■ **INSTRUCTIONS FOR THE TASK**:
The whole listing needs to be written out exactly, except for any images.

■ **RAW DATA**:
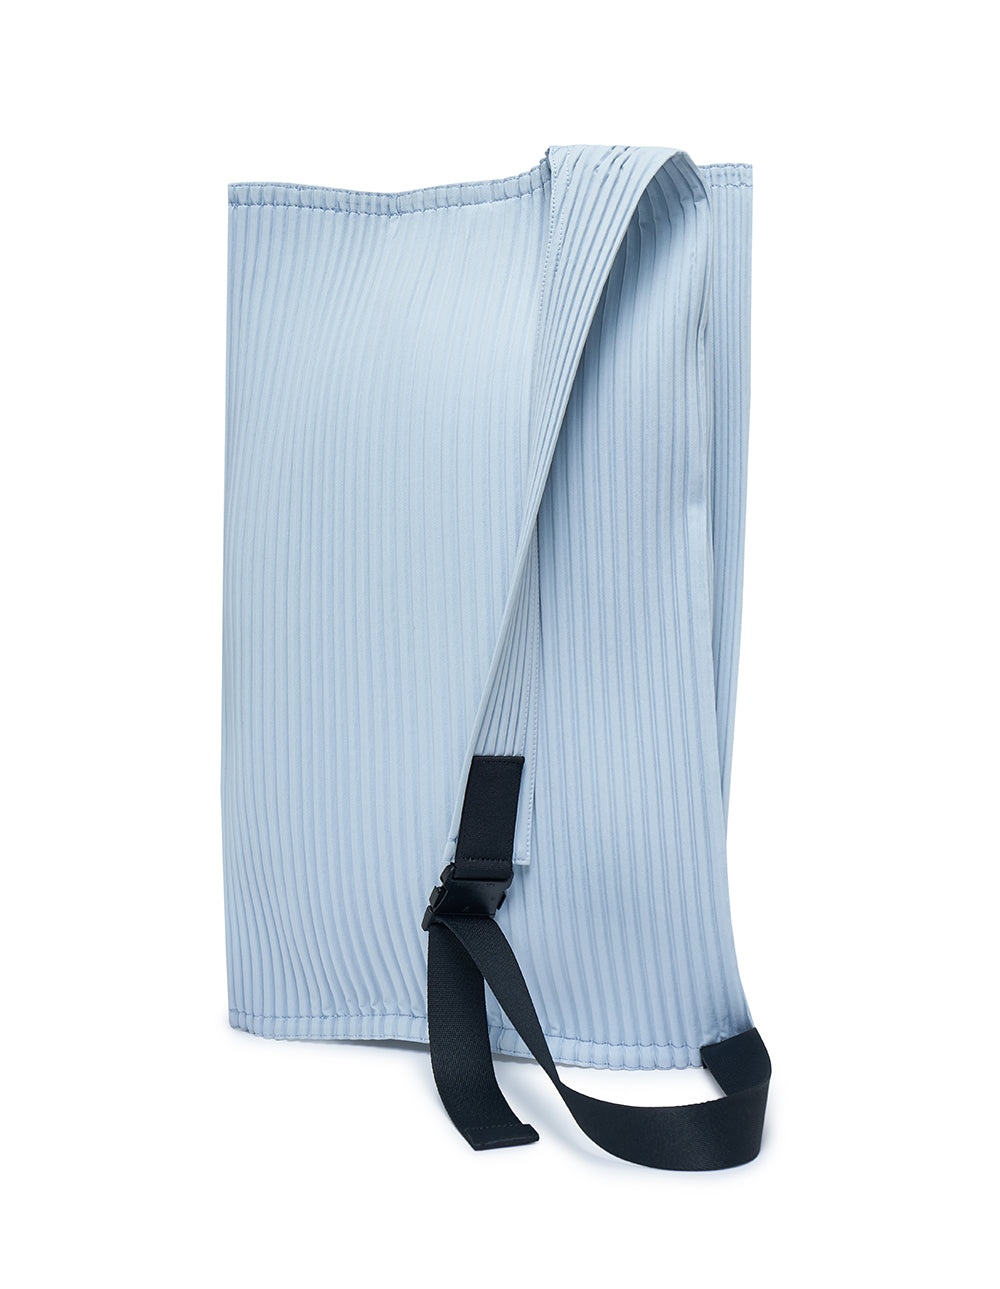 PETAL BAG Shoulder Bag - 2
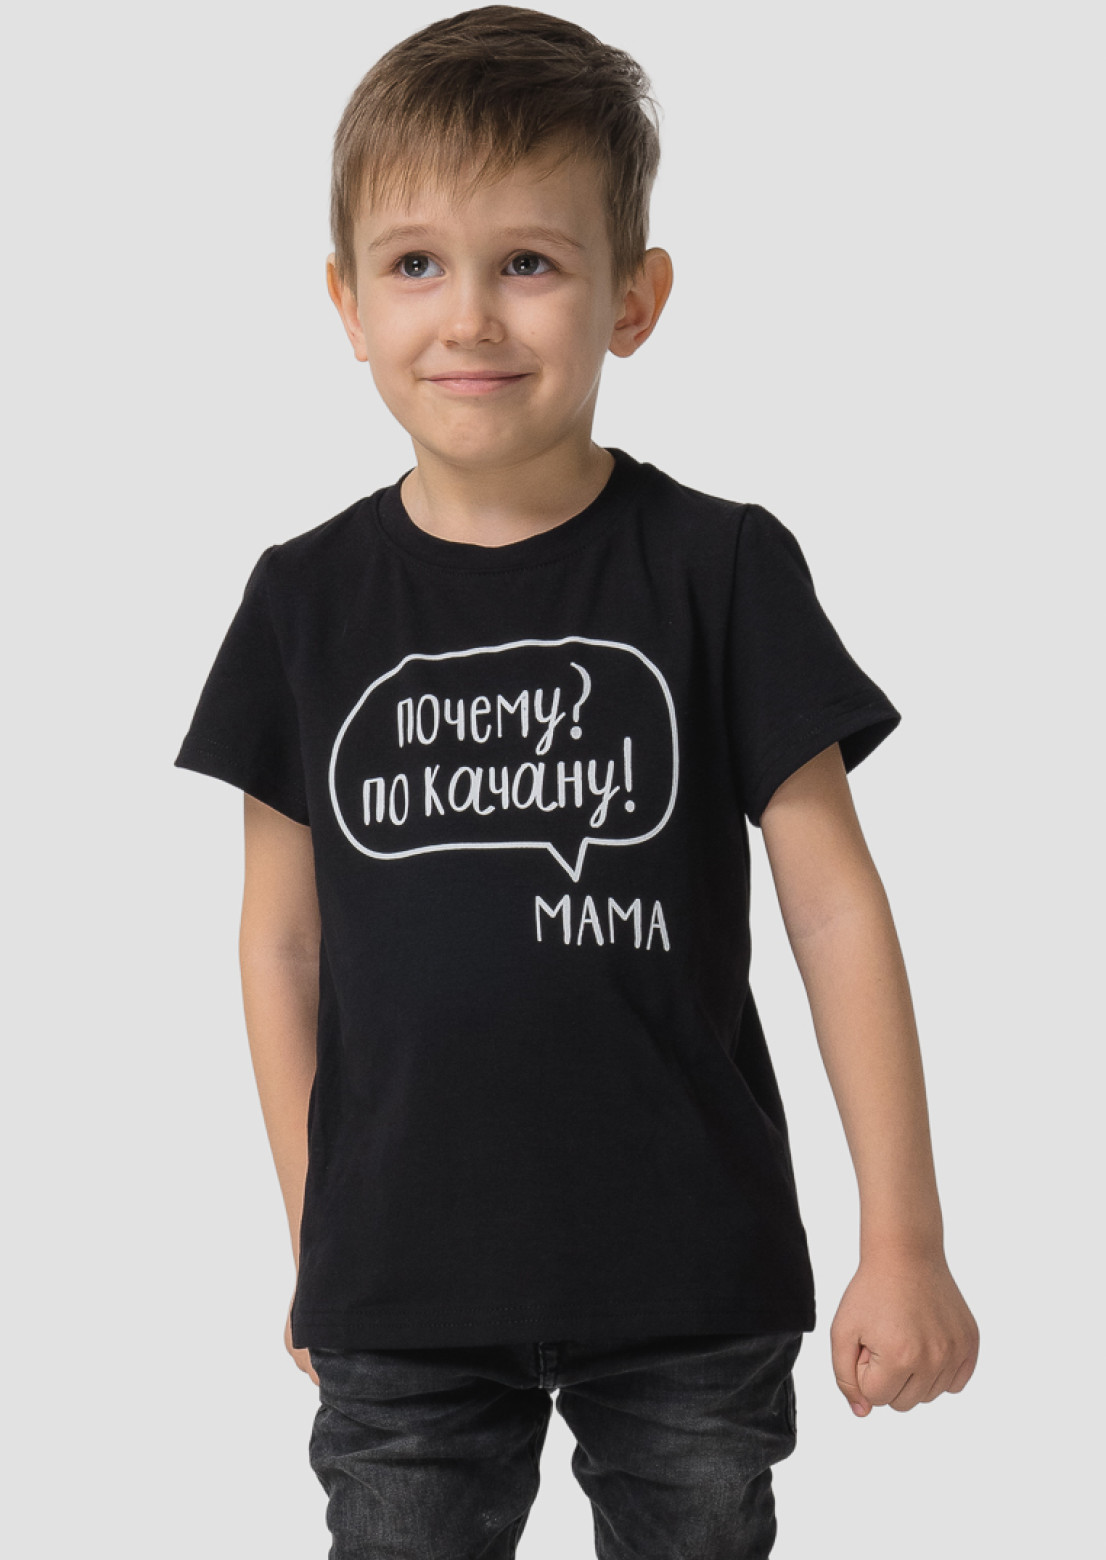 Детская футболка "Почему? По качану! Мама" чёрная
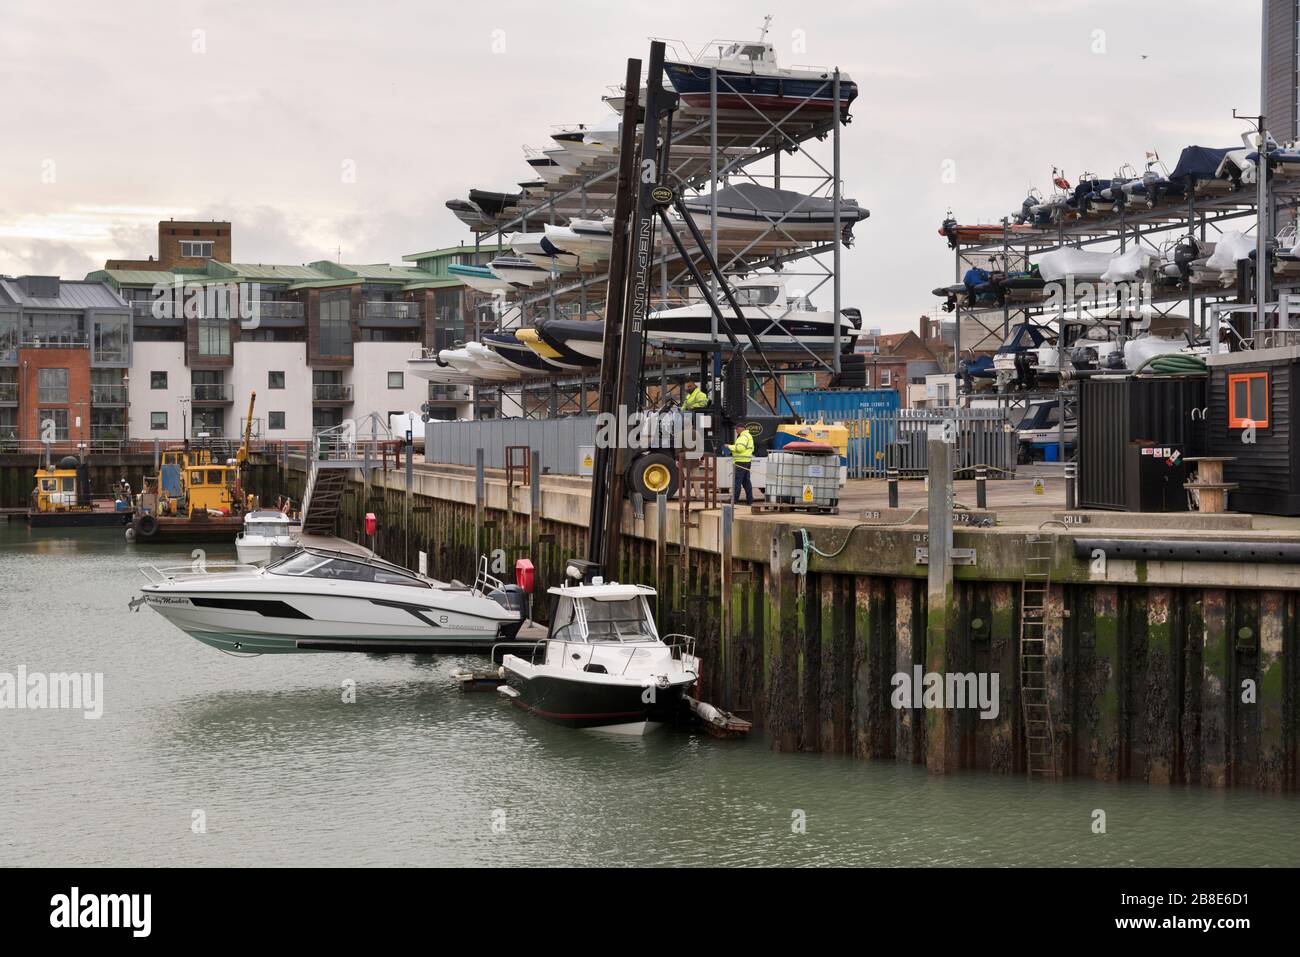 Vue sur les casiers de stockage de bateaux et un bateau soulevé de l'eau à Camber Dock, Portsmouth, Royaume-Uni Banque D'Images
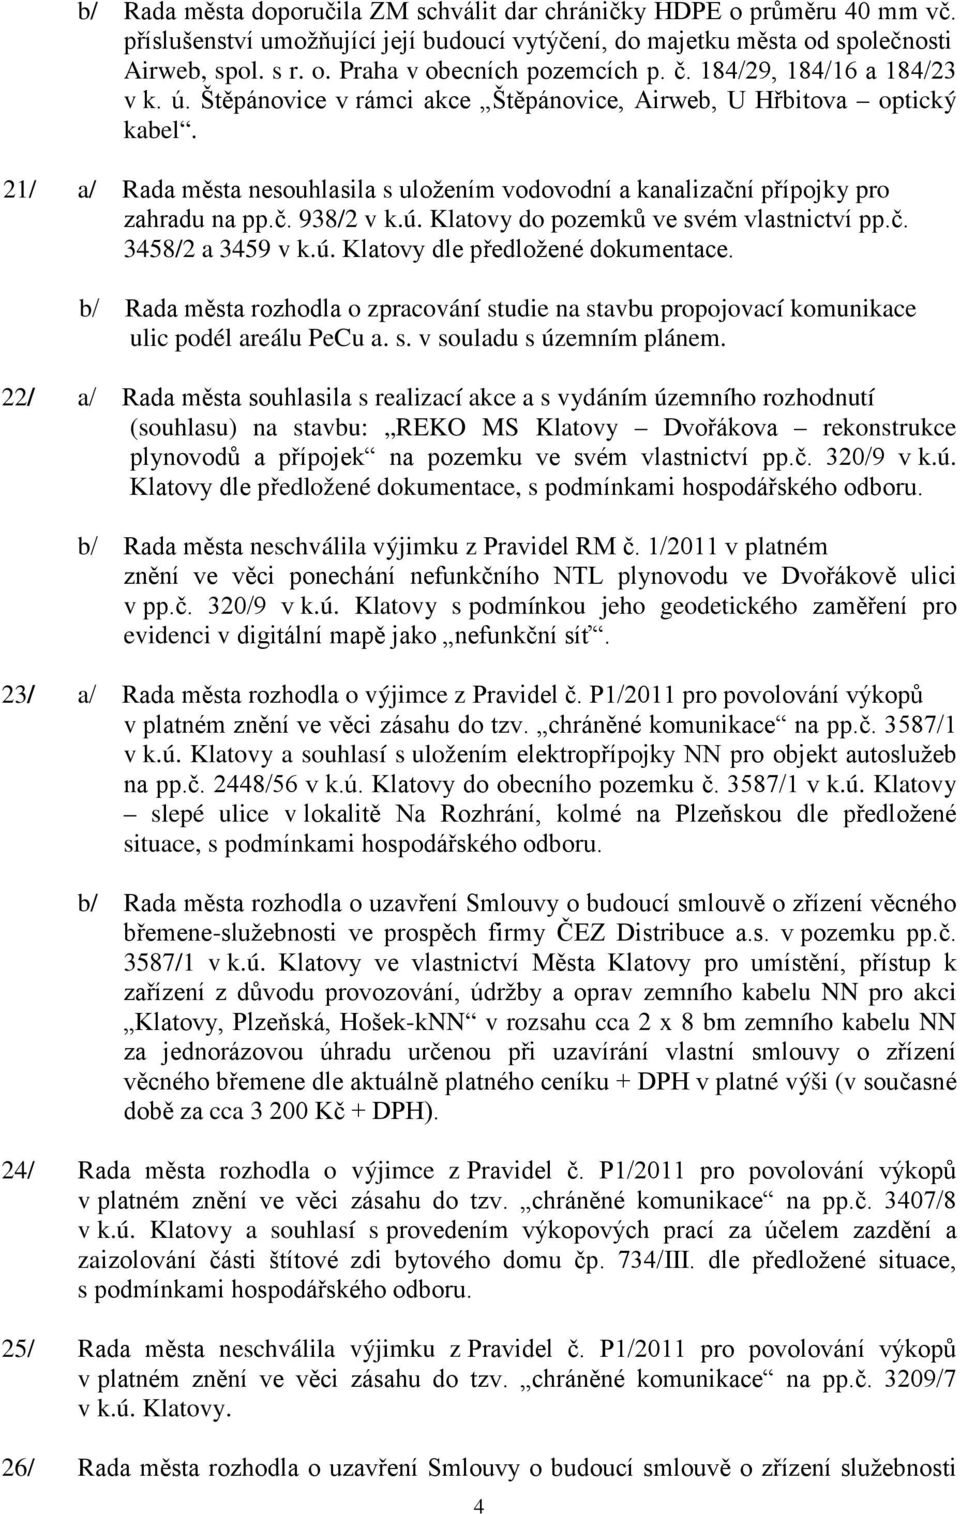 č. 938/2 v k.ú. Klatovy do pozemků ve svém vlastnictví pp.č. 3458/2 a 3459 v k.ú. Klatovy dle předložené dokumentace.
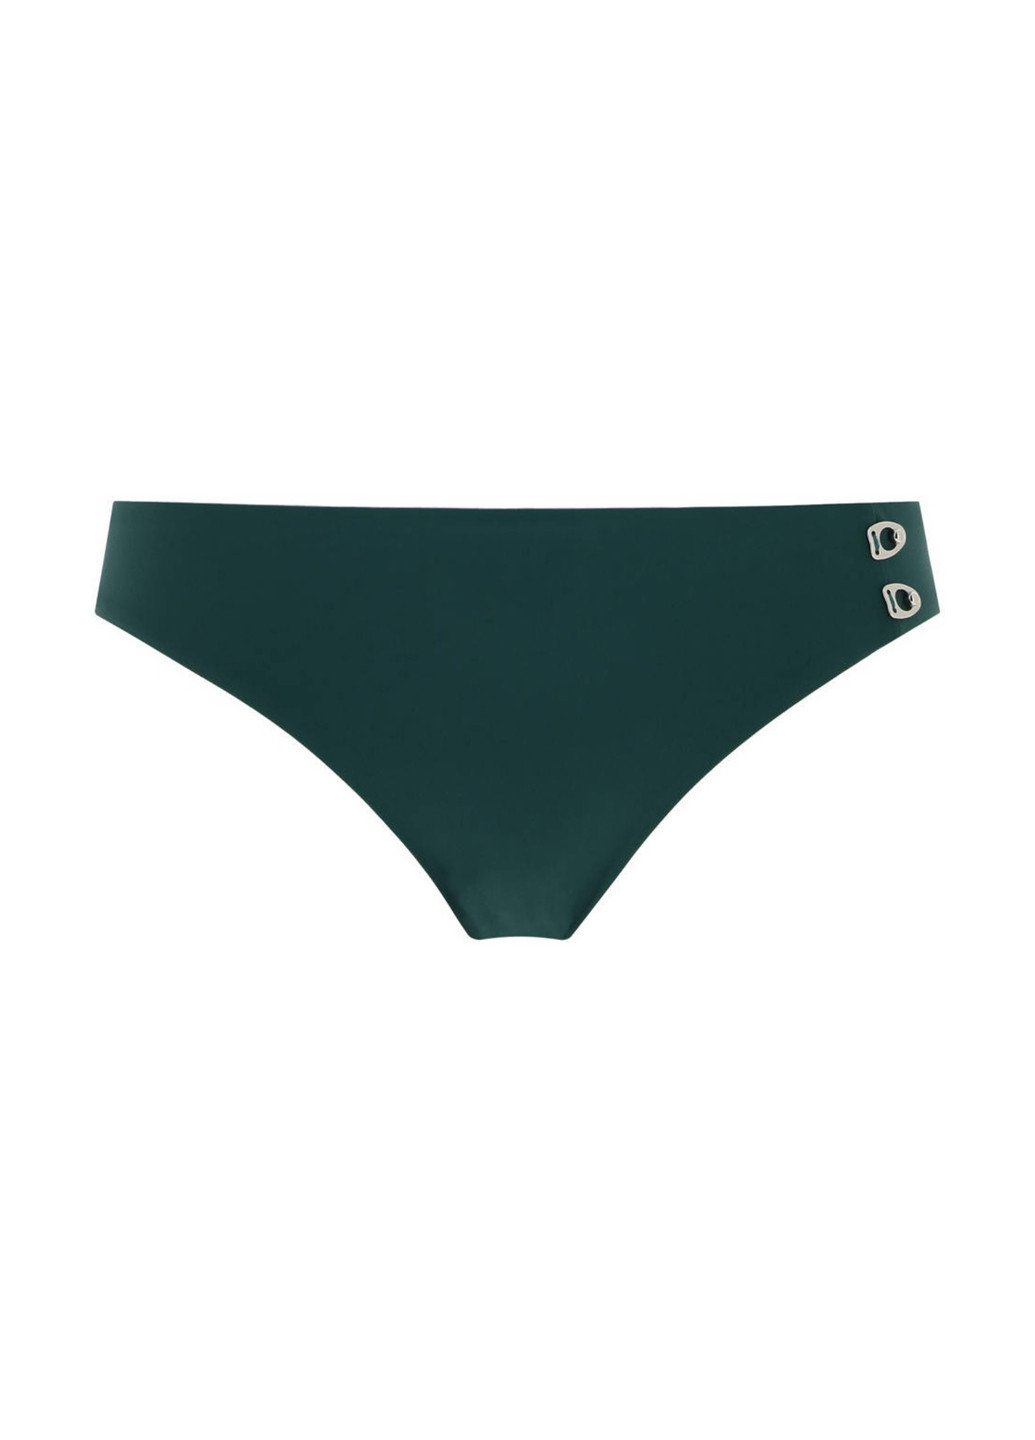 Темно-зеленый летний купальник (лиф, трусы) раздельный Chantelle

■ **TASK RESPONSE**:
 PETAL BAG Shoulder Bag - 2
 Детская футболка "Почему? По качану! Мама" чёрная
 Vue sur les casiers de stockage de bateaux et un bateau soulevé de l'eau à Camber Dock, Portsmouth, Royaume-Uni Banque D'Images
 č. 938/2 v k.ú. Klatovy do pozemků ve svém vlastnictví pp.č. 3458/2 a 3459 v k.ú. Klatovy dle předložené dokumentace.
 Темно-зеленый летний купальник (лиф, трусы) раздельный Chantelle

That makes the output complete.